Contributions come from some of Britain’s most recognised and decorated poets, including the Makar (Scottish Poet Laureate) Jackie Kay, and Clarke, the former National Poet of Wales.

Dharker’s poem Cranes Lean In was written near The Barbican theatre in London. She said: “I was on the phone to my daughter that Sunday, the 22nd of March, standing at a window looking out over the marooned city. London had stopped its eternal building and the streets and stations were becalmed.

“That was the day it suddenly came home to many mothers what this meant, this strange waiting time without their children. I could hear the phone calls all over the world, people separated and searching for words of hope and consolation to give each other. The words my daughter gave me were about kindnesses, and something we had both been waiting for: the cherry trees blossoming in the parks and streets of London.”

Andrew McMillan, winner of the 2015 Guardian First Book Award and inaugural 2019 Polari Prize, who is Senior Lecturer in Creative Writing at Manchester Metropolitan University, has contributed, as has his father Ian, a poet, broadcaster and host of BBC Radio 3’s The Verb.

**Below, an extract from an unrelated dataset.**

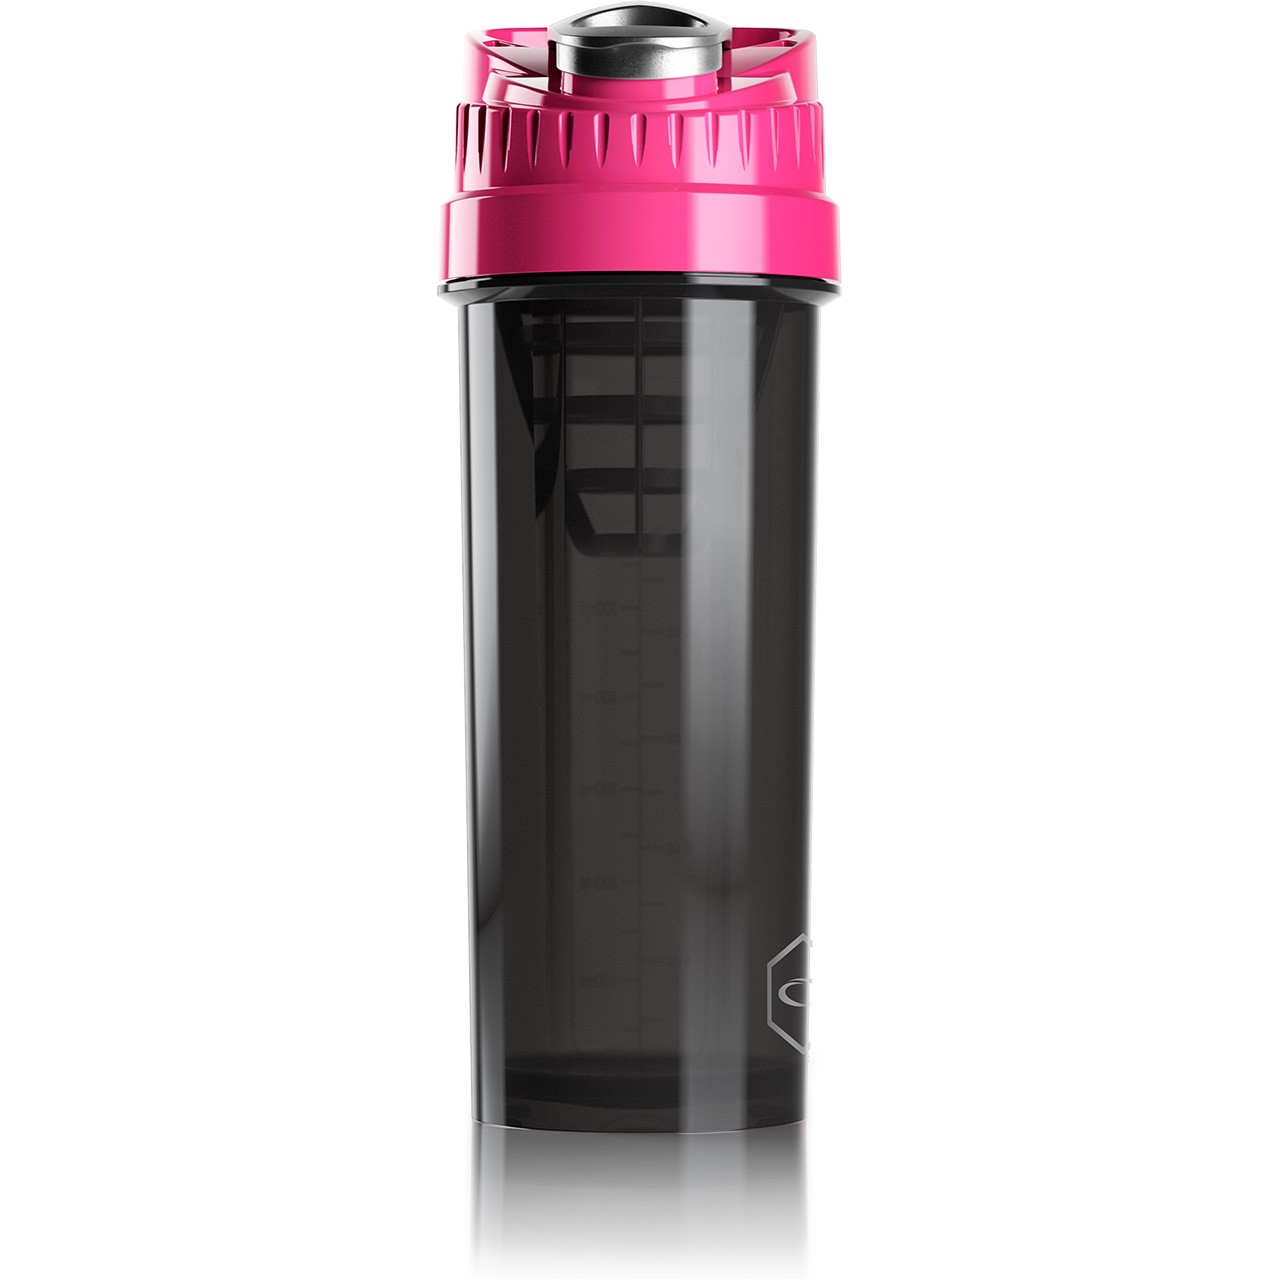 New Protein Shaker Cyclone Cup Pink 950 ml

Andrew McMillan said: “The cliche, perhaps, of poets is that they’re always isolated, scribbling away in solitude. This isn’t true. Poetry is intrinsically linked to the places around us, to the accents we speak with, to the experiences of our everyday. It’s true that poets are generally used to being alone with our own thoughts, and so maybe we can use that to reach out to people and to encourage them to record this moment of history in their own unique words.

“The Manchester Writing School is also working with students and community partners in the care and health sectors to encourage more poetic responses, and Manchester Poetry Library will be building on this as part of a wider arts and wellbeing project to develop poetry writing and reading activities for the public.”